Speaking of showing things, our throbbing undercurrent of depression was only further rattled when former Congressman Tom Perriello, D-Va., popped into our headquarters on Oct. 12 to rattle through a wonkish deconstruction of now-"winning" Mitt Romney's ever-changing economic plan. Perriello currently leads progressive think tank the Center for American Progress' Action Fund, which means that he's been riding the fact-checking train of late, scratching numbers from his head in the wake of the October Surprise of Romney's grand bait-and-switch.
Specifically, Perriello was here to provide the "facts behind the facts," he said, as they relate to struggling Floridians. In order for us to reproduce the entirety of his mathematical message, we would need about four hours of your time and an economics degree. But, clearly, if Perriello is to be believed, Romney's cloudy vision could be a huge wet blanket for average Floridians.
Much of Perriello's message revolved around the now-notorious $5 trillion tax cut that Romney's been occasionally peddling – to be fair, Republicans are calling foul on that, saying it's merely a $3.8 million tax cut – and its fiscal favoring of fatcat millionaires. Casino magnate (and Romney's number one donor) Sheldon Adelson, by Perriello's calculations, would benefit to the tune of a $2.3 billion kickback over four years via a series of celebrations of wealth and outsourcing, while an average police officer in Tampa would end up paying an additional $1,480 in taxes.
It's not just taxes.
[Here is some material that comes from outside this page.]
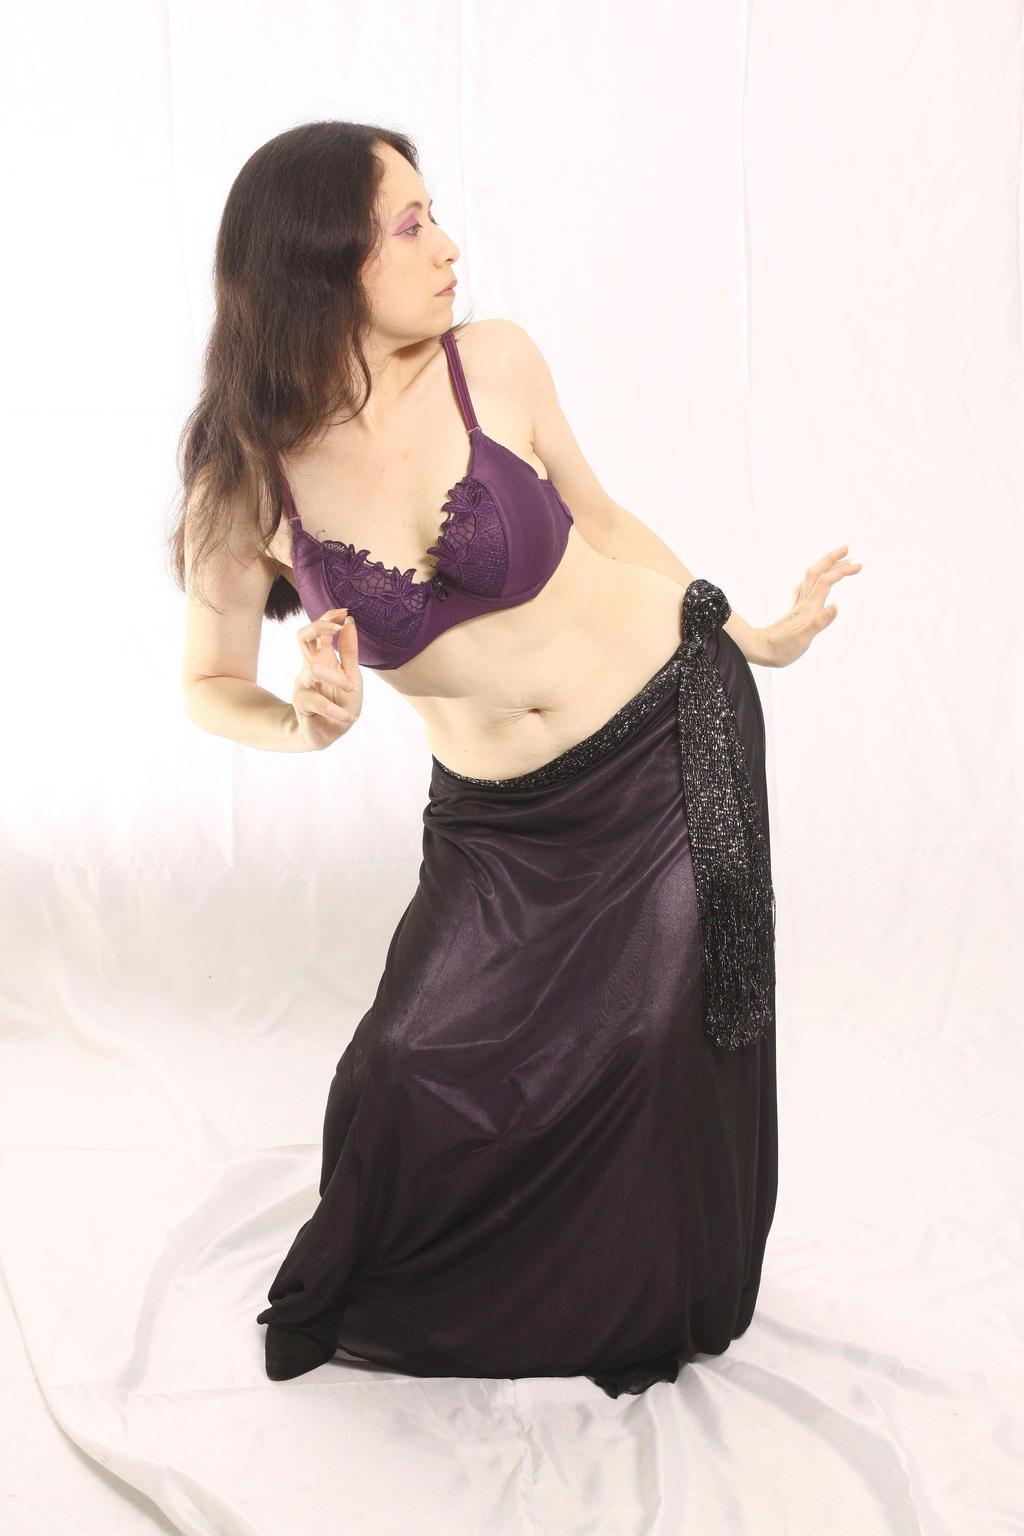 Dancer05 by Lilinaceleste
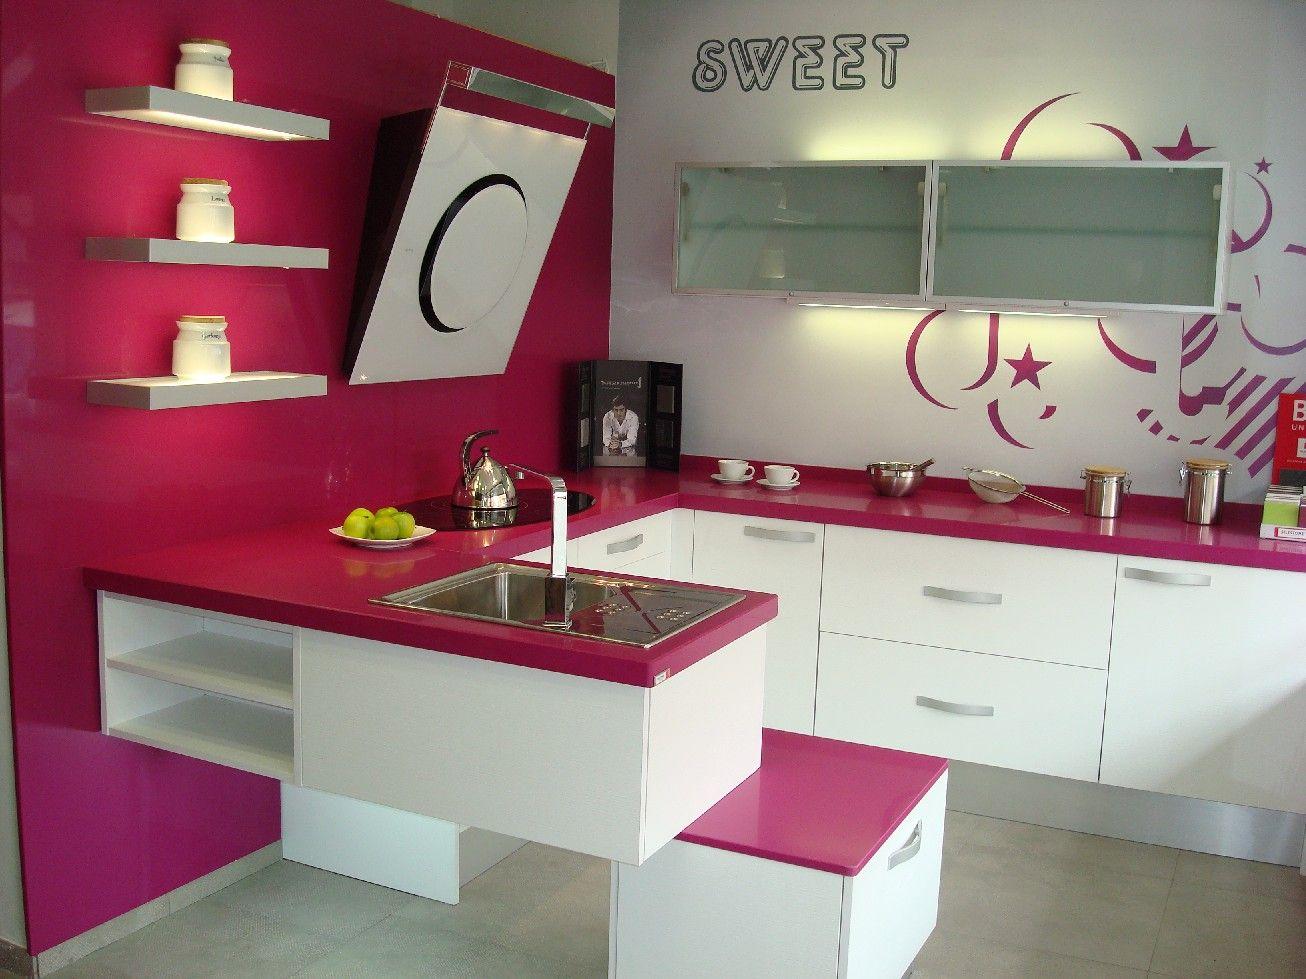 cocinas integrales decoracin del hogar cocinas pequeas cocinas modernas fucsia rosas encimeras cada blanco

Under Romney, the Center for American Progress found that Florida would suffer an average cut in federal grants of $11.7 billion (or $117.5 billion over a decade), leaving our already inept state legislature to fill the gaps by cutting programs that benefit the middle and working classes (hello, education). But perhaps the worst affected would be seniors. If Obamacare gets the knife on "day one," as Romney has promised, and Medicare is eventually reformed into a voucher system, current seniors would pay an average of additional $11,000 to ride out their retirement – for healthcare alone. And don't think you're immune. A 49-year-old could pay $124,626 more; A 29-year-old, $331,170. Getting old could get really expensive.
"Mitt Romney is asking everyone to pay more, and doing this not to pay down the deficit or to make a major investment in America's competitiveness, but for a tax code that allows his largest donor to get a $2.3 billion tax cut," Perriello concludes. "We think it's not cynical to suggest that we should take a candidate at his word, take our word against his, and let people know."